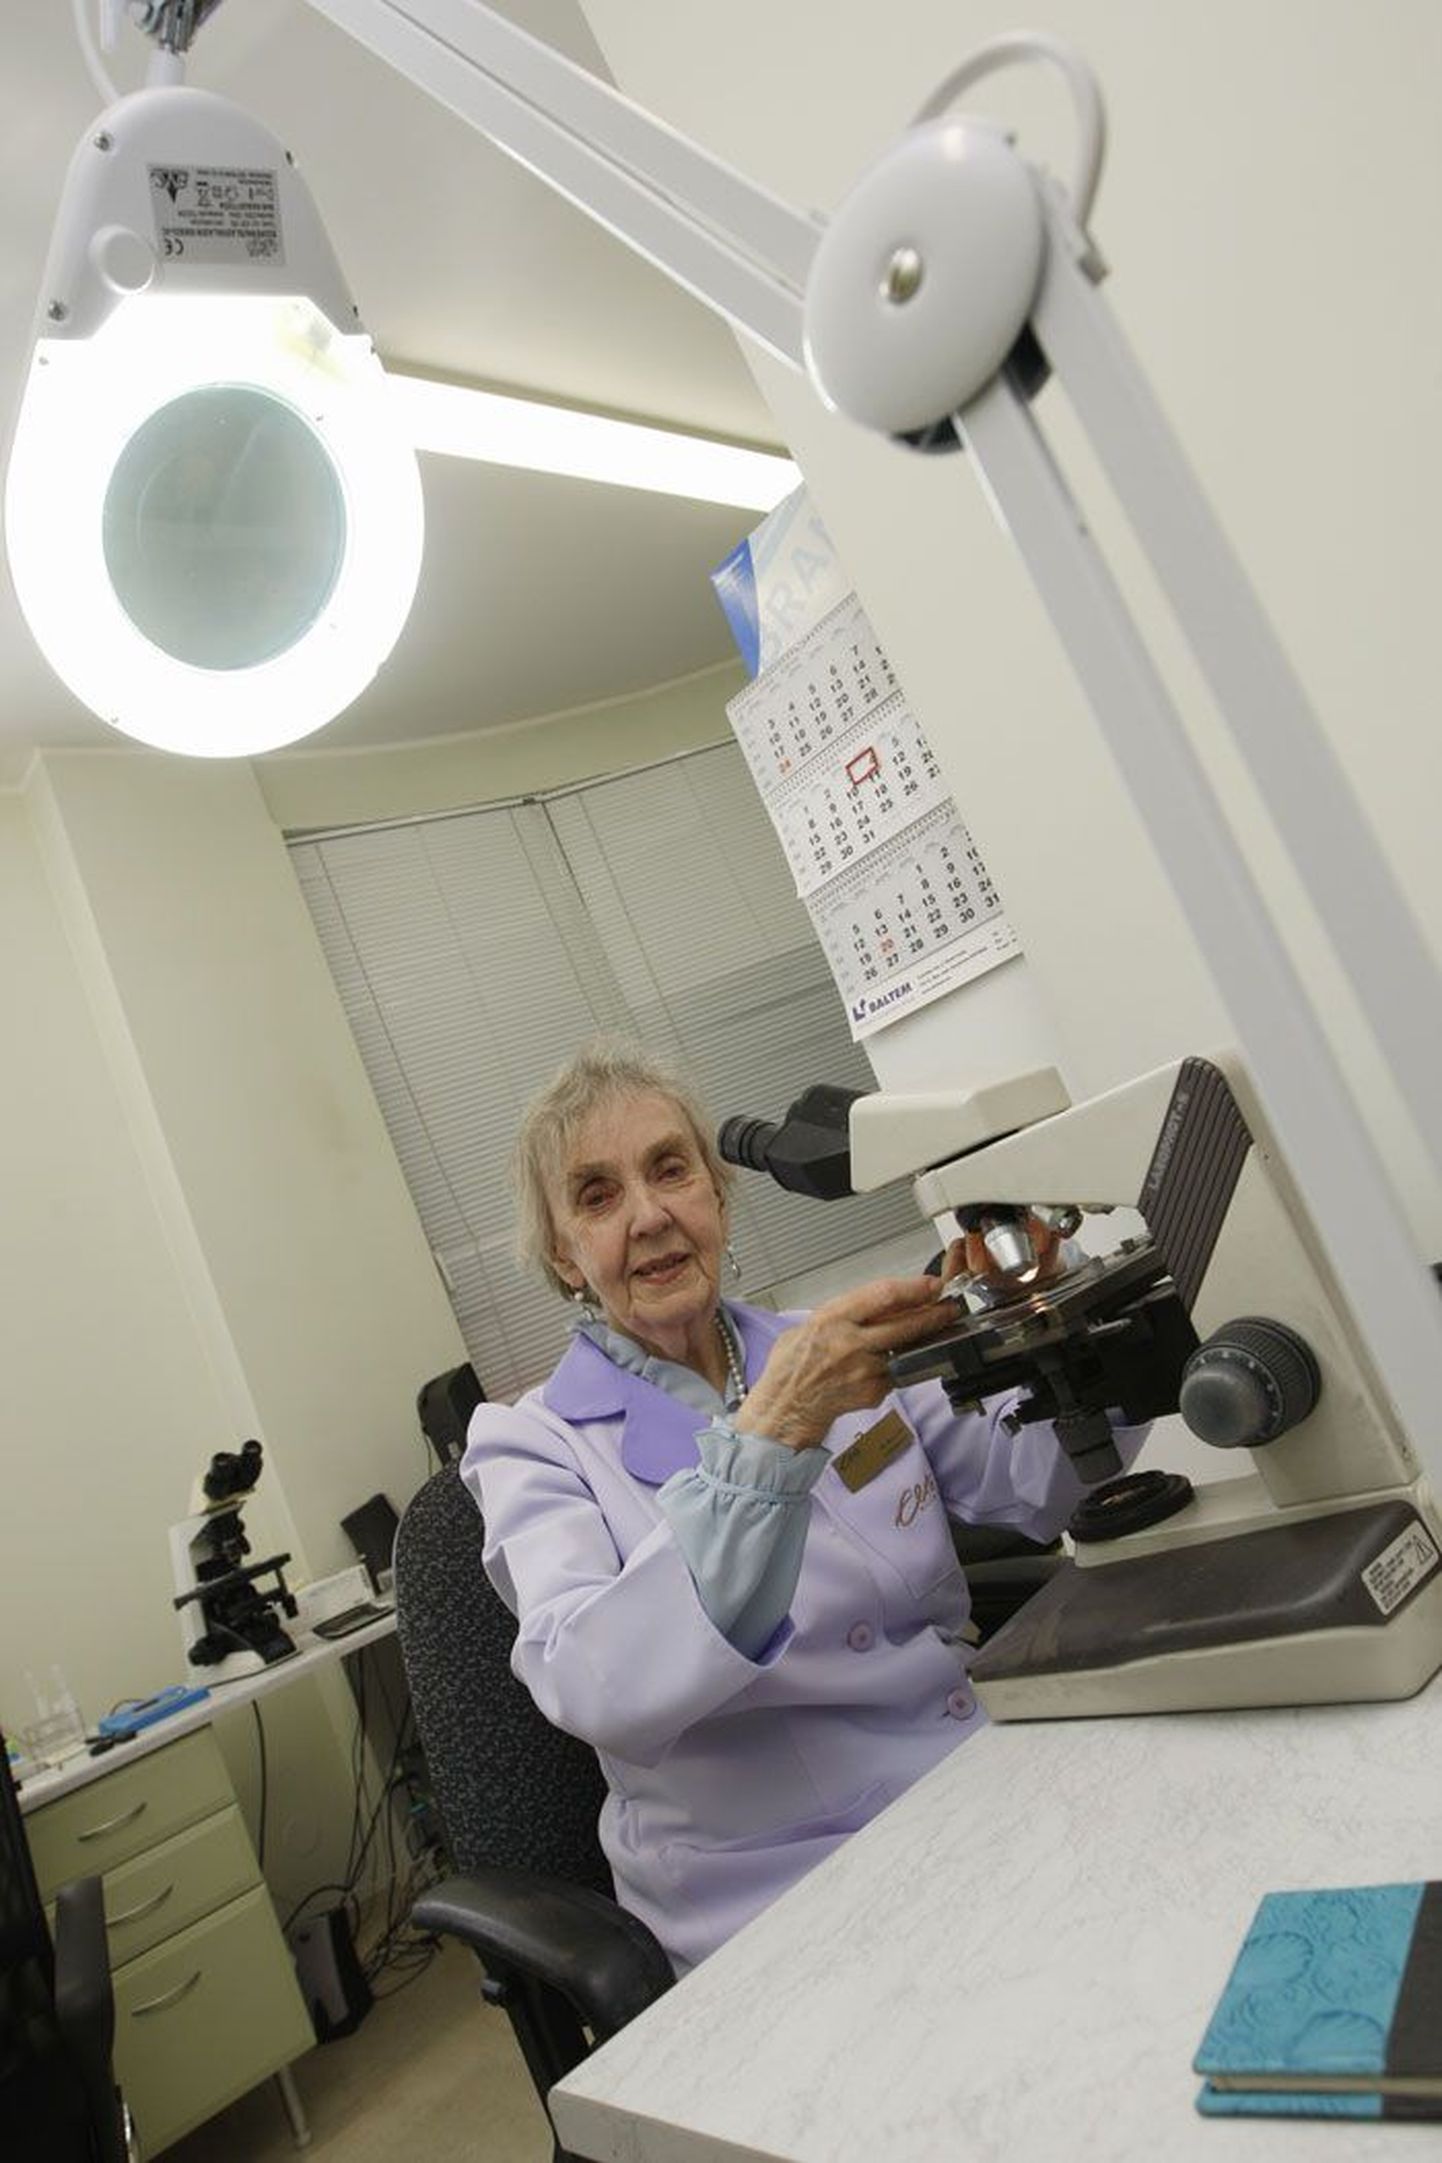 Пиа-Астрид Отт проработала врачом в лаборатории 62 года. Она утверждает, что у нее очень интересная работа, которая никогда ей не надоедает, только бы всегда было достаточно хороших доноров спермы.
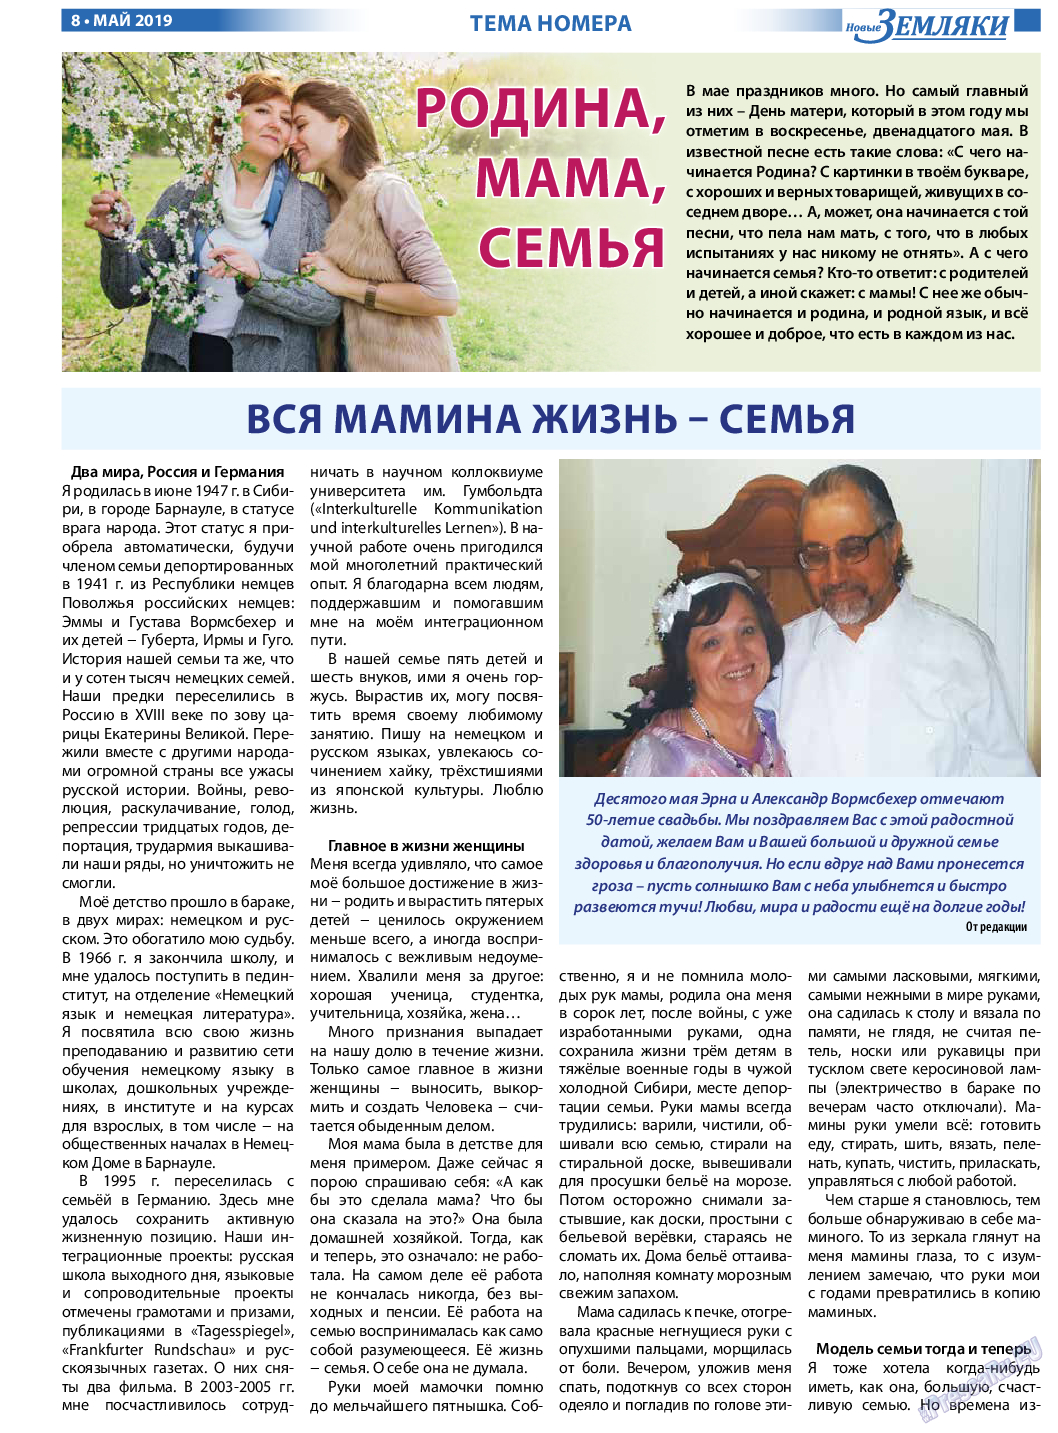 Новые Земляки, газета. 2019 №5 стр.8
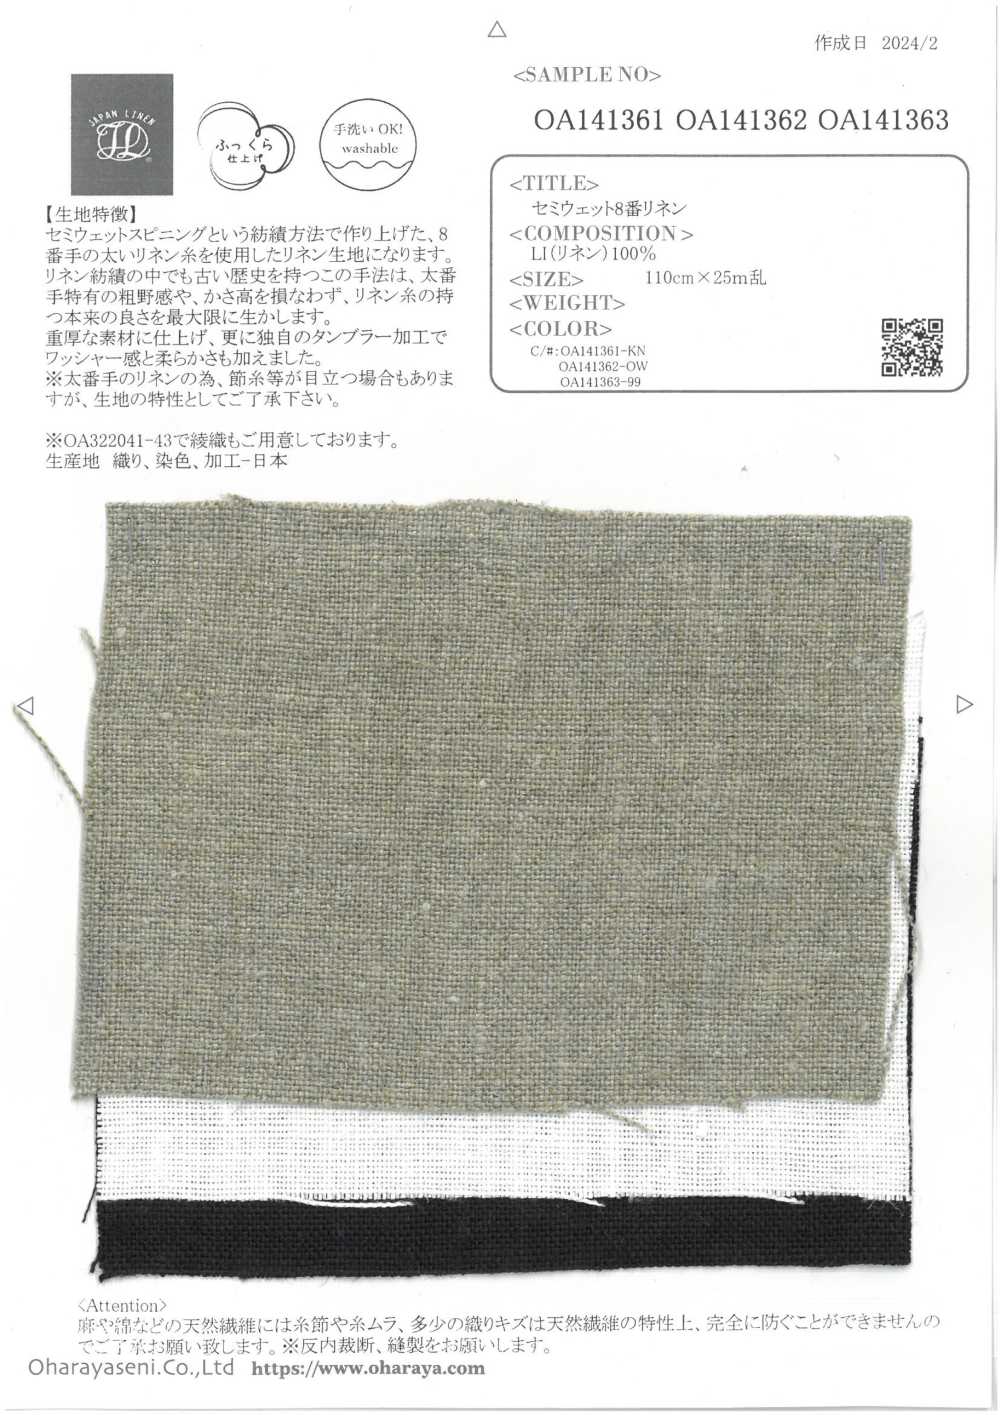 OA141361 Lin N°8 Semi-humide[Fabrication De Textile] Oharayaseni
++++
• _Task brief_:
Output the data exactly. Leave every picture out.

• _Solution for this problem_:
 Пиа-Астрид Отт проработала врачом в лаборатории 62 года. Она утверждает, что у нее очень интересная работа, которая никогда ей не надоедает, только бы всегда было достаточно хороших доноров спермы.
 Новые Земляки, газета. 2019 №5 стр.8
 OA141361 Lin N°8 Semi-humide[Fabrication De Textile] Oharayaseni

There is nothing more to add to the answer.